- YOUR INSTRUCTIONS:
Output, exactly and in full, only the lines from the one containing "Хётёнмяки 1984г. лыжный" to the last line of the data. Pictures should not appear.

- COLLECTED DATA:
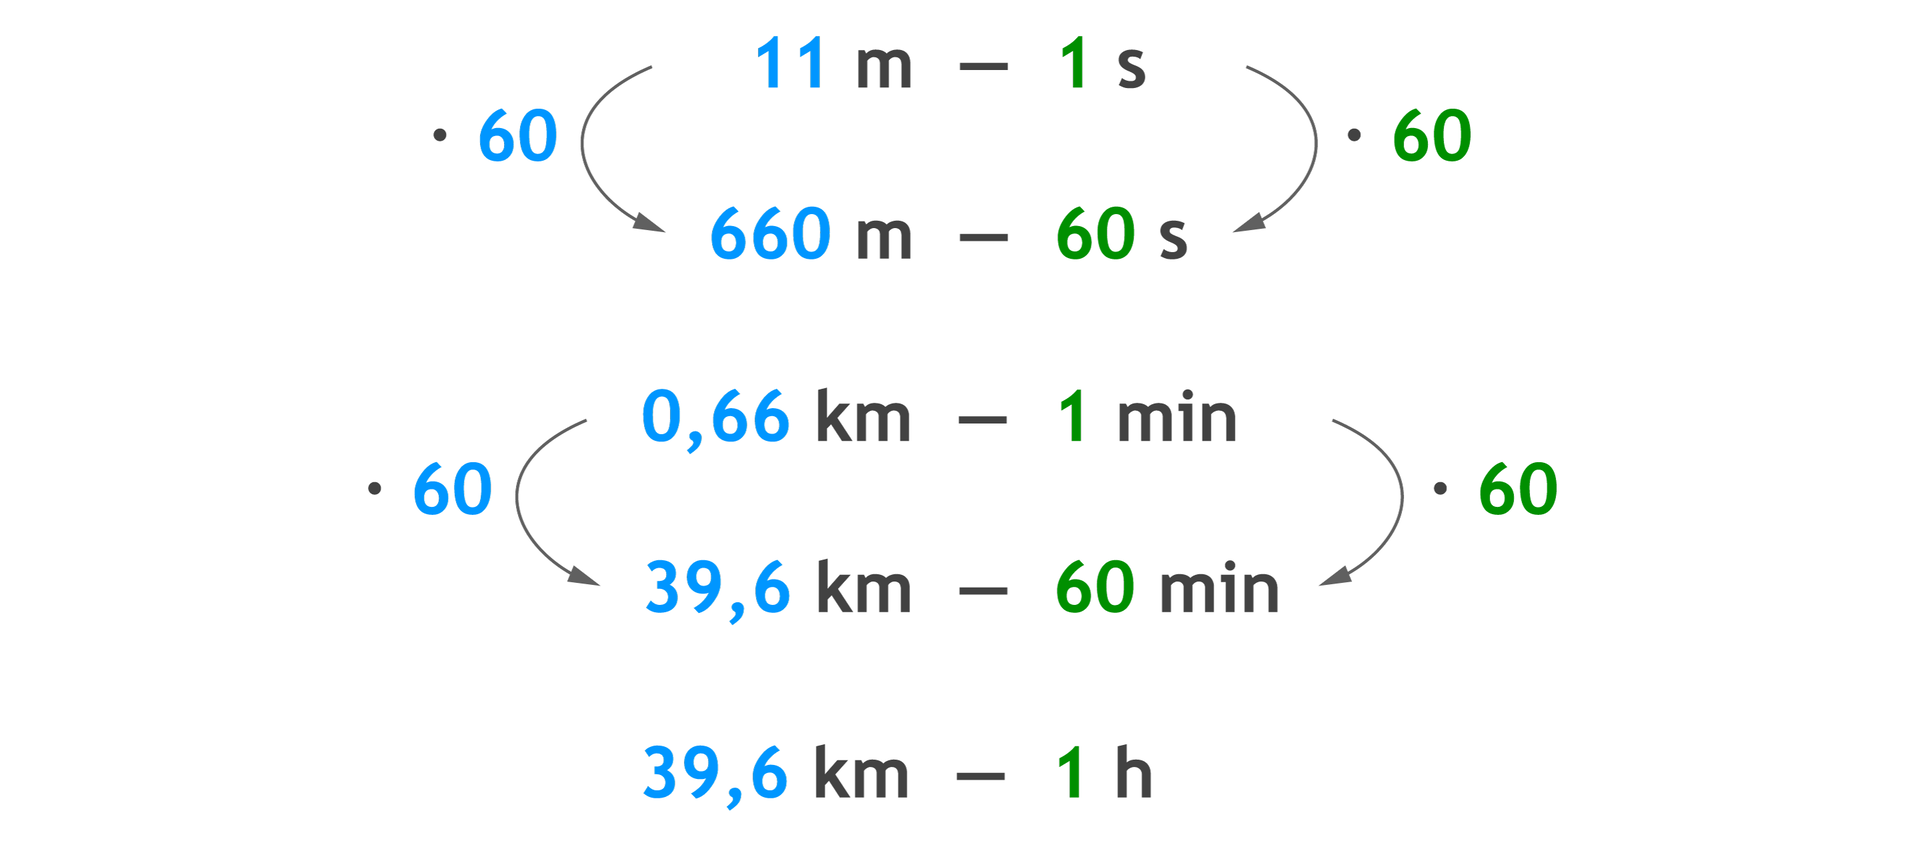 Zapis proporcji: 11 m – 1 s i poniżej 660 – 60 s. 11 m razy 60 =660 m i 1 s razy 60 =60 s. Proporcja: 0,66 km – 1 min i poniżej 39,6 km – 60 min. 0,66 km razy 60 = 39,60 km i 1 min razy 60 =60 min. 39,6 km – 1 h.
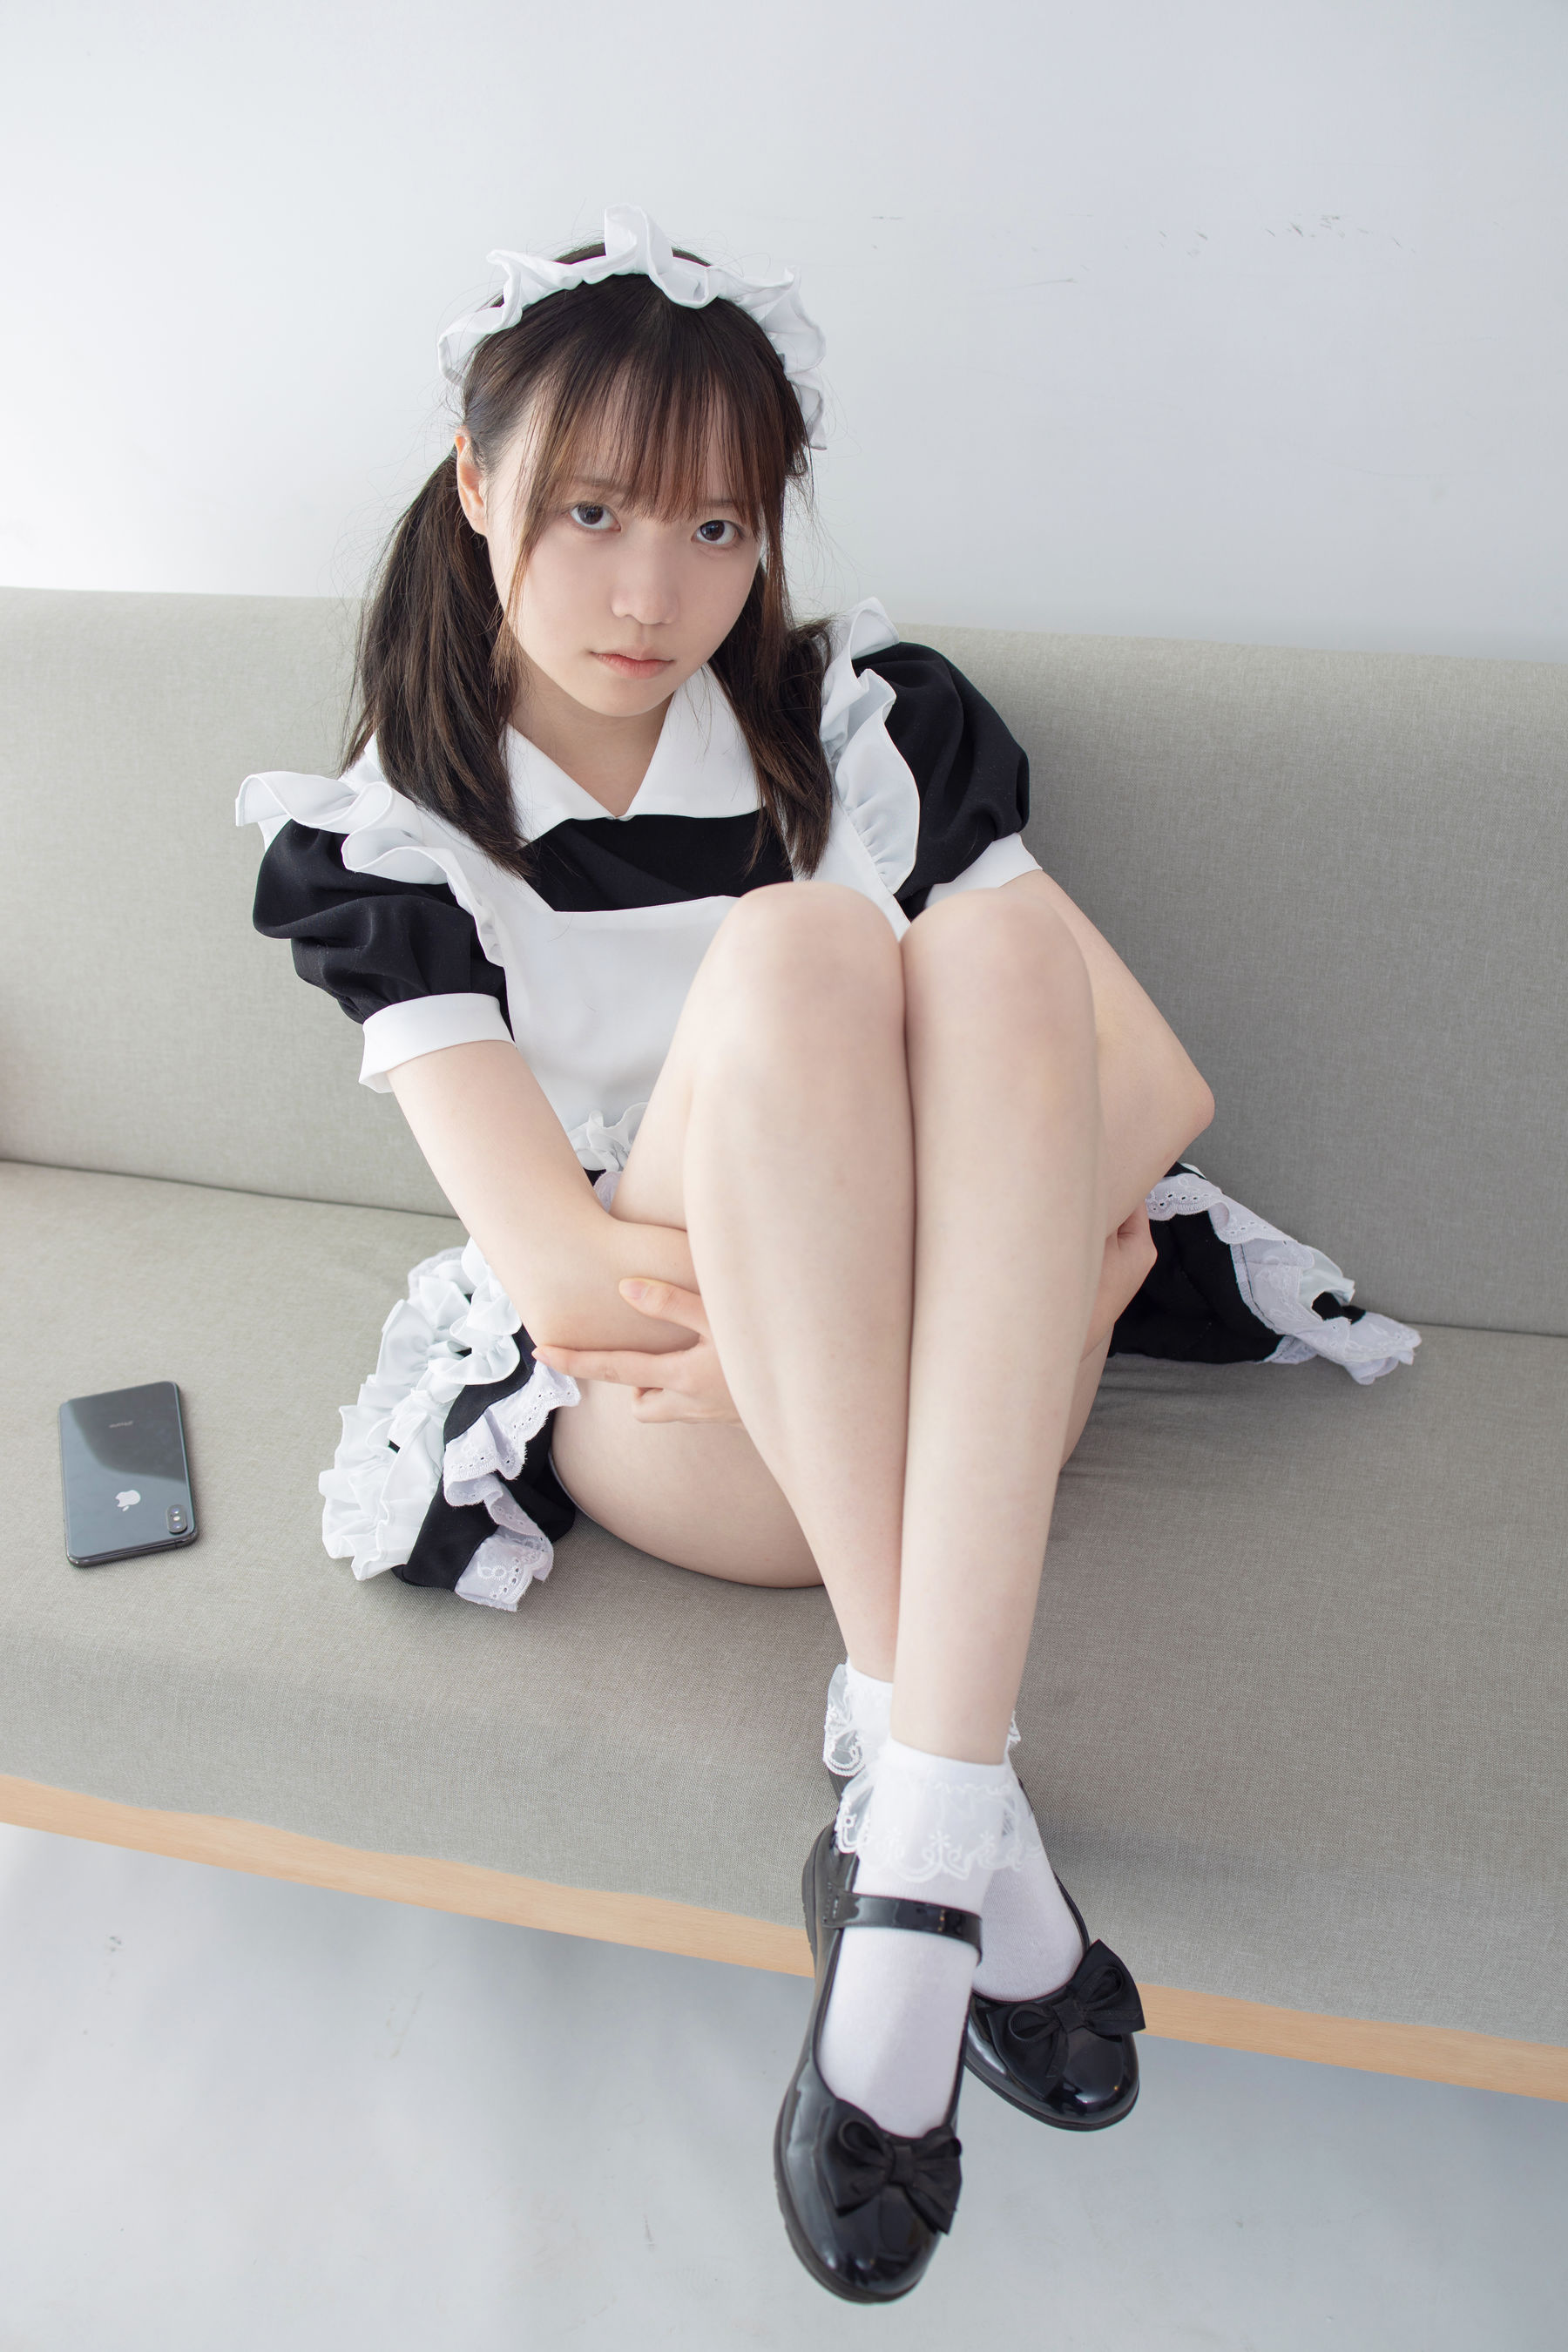 [森萝财团] JKFUN-053 Aika 蕾丝花边短袜女仆
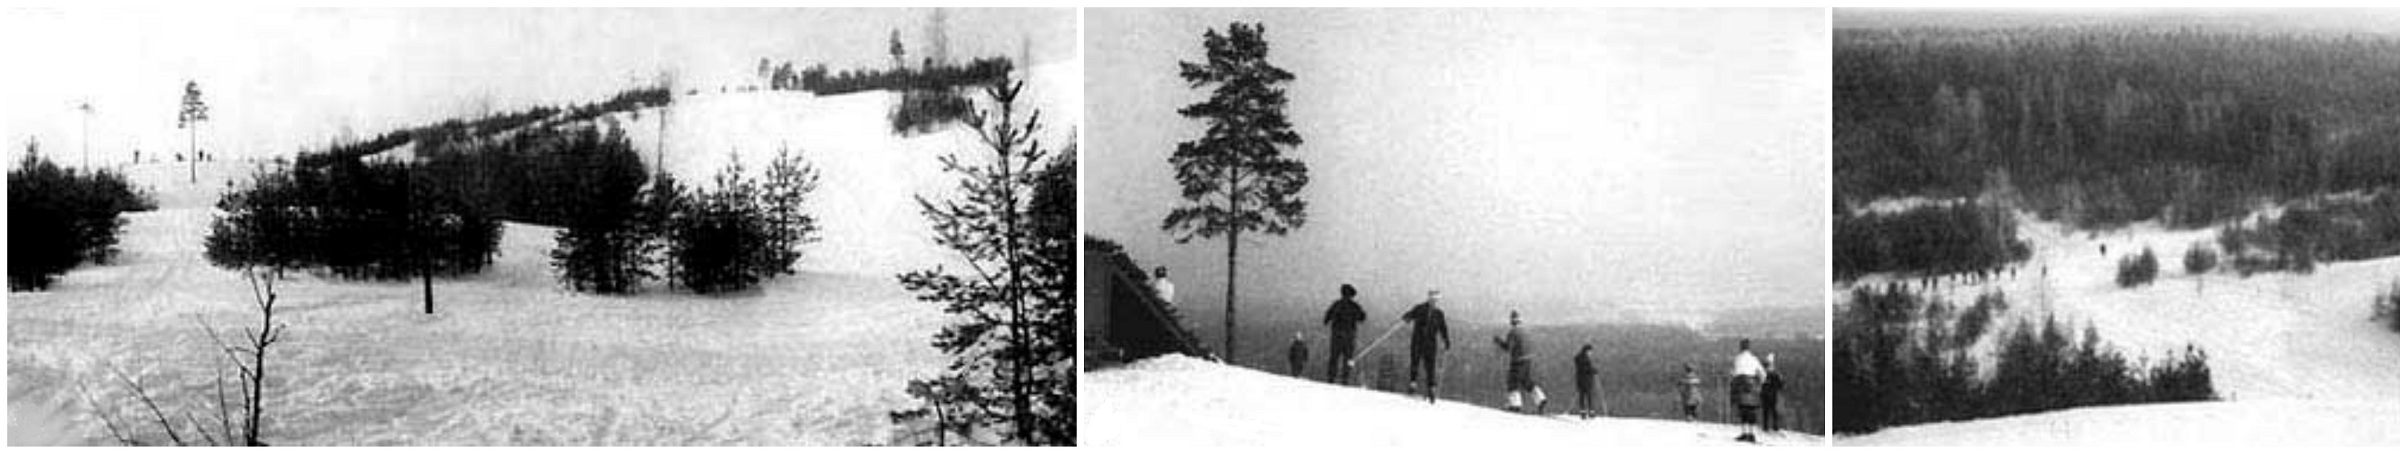 Хётёнмяки 1984г. лыжный центр с подъемником.jpg
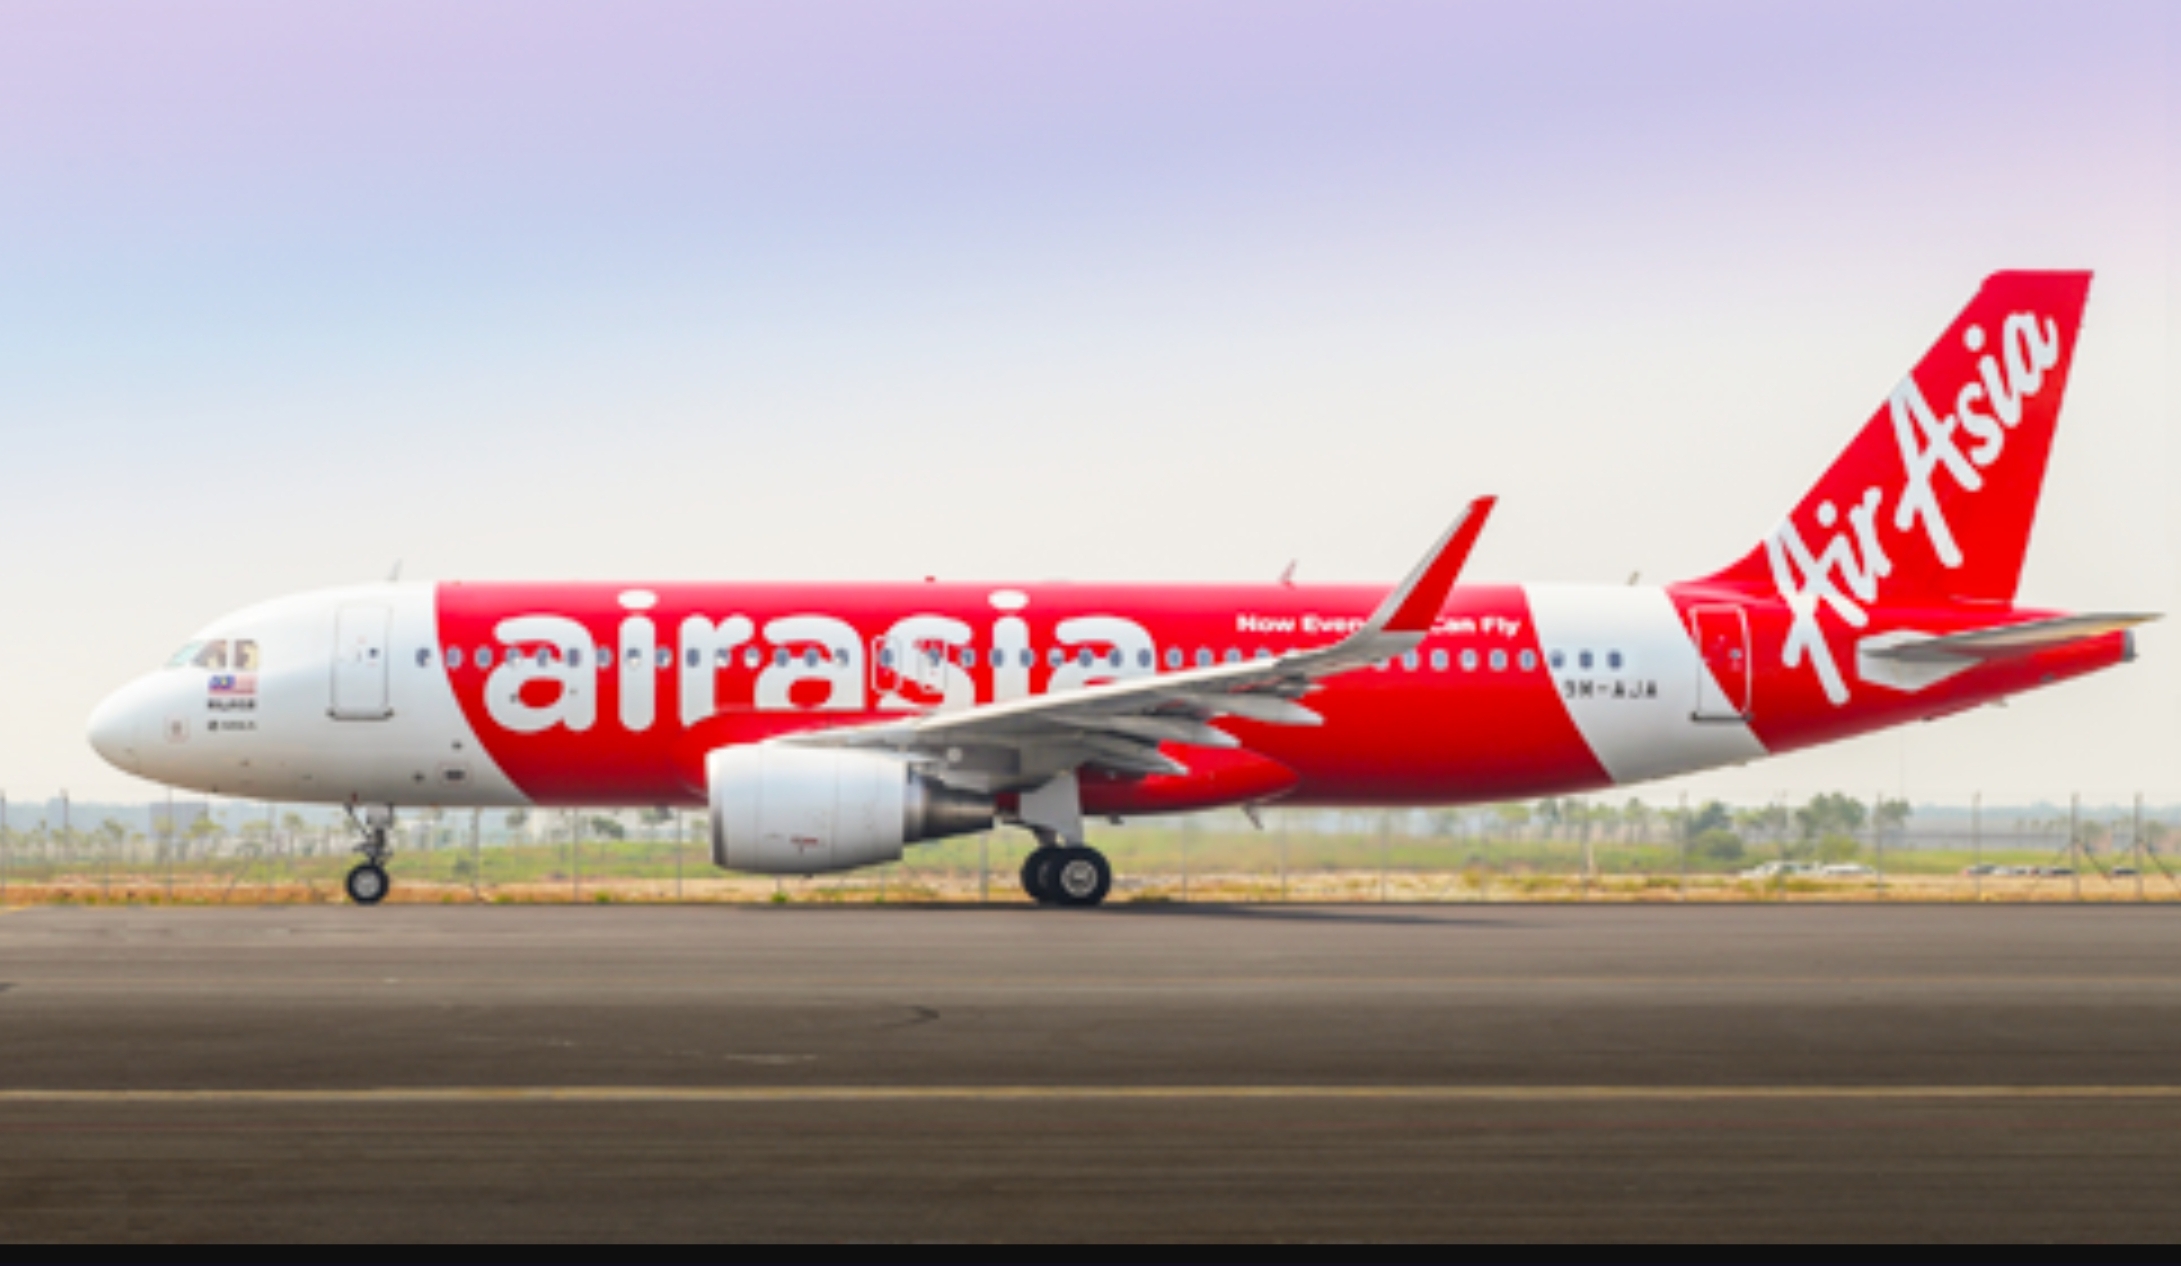 ASYIK! Airasia Buka Rute Penerbangan ke Bandara Kertajati, Tony Fernandes Minta Ini

- YOUR SOLUTION:
 Хётёнмяки 1984г. лыжный центр с подъемником.jpg
 ASYIK! Airasia Buka Rute Penerbangan ke Bandara Kertajati, Tony Fernandes Minta Ini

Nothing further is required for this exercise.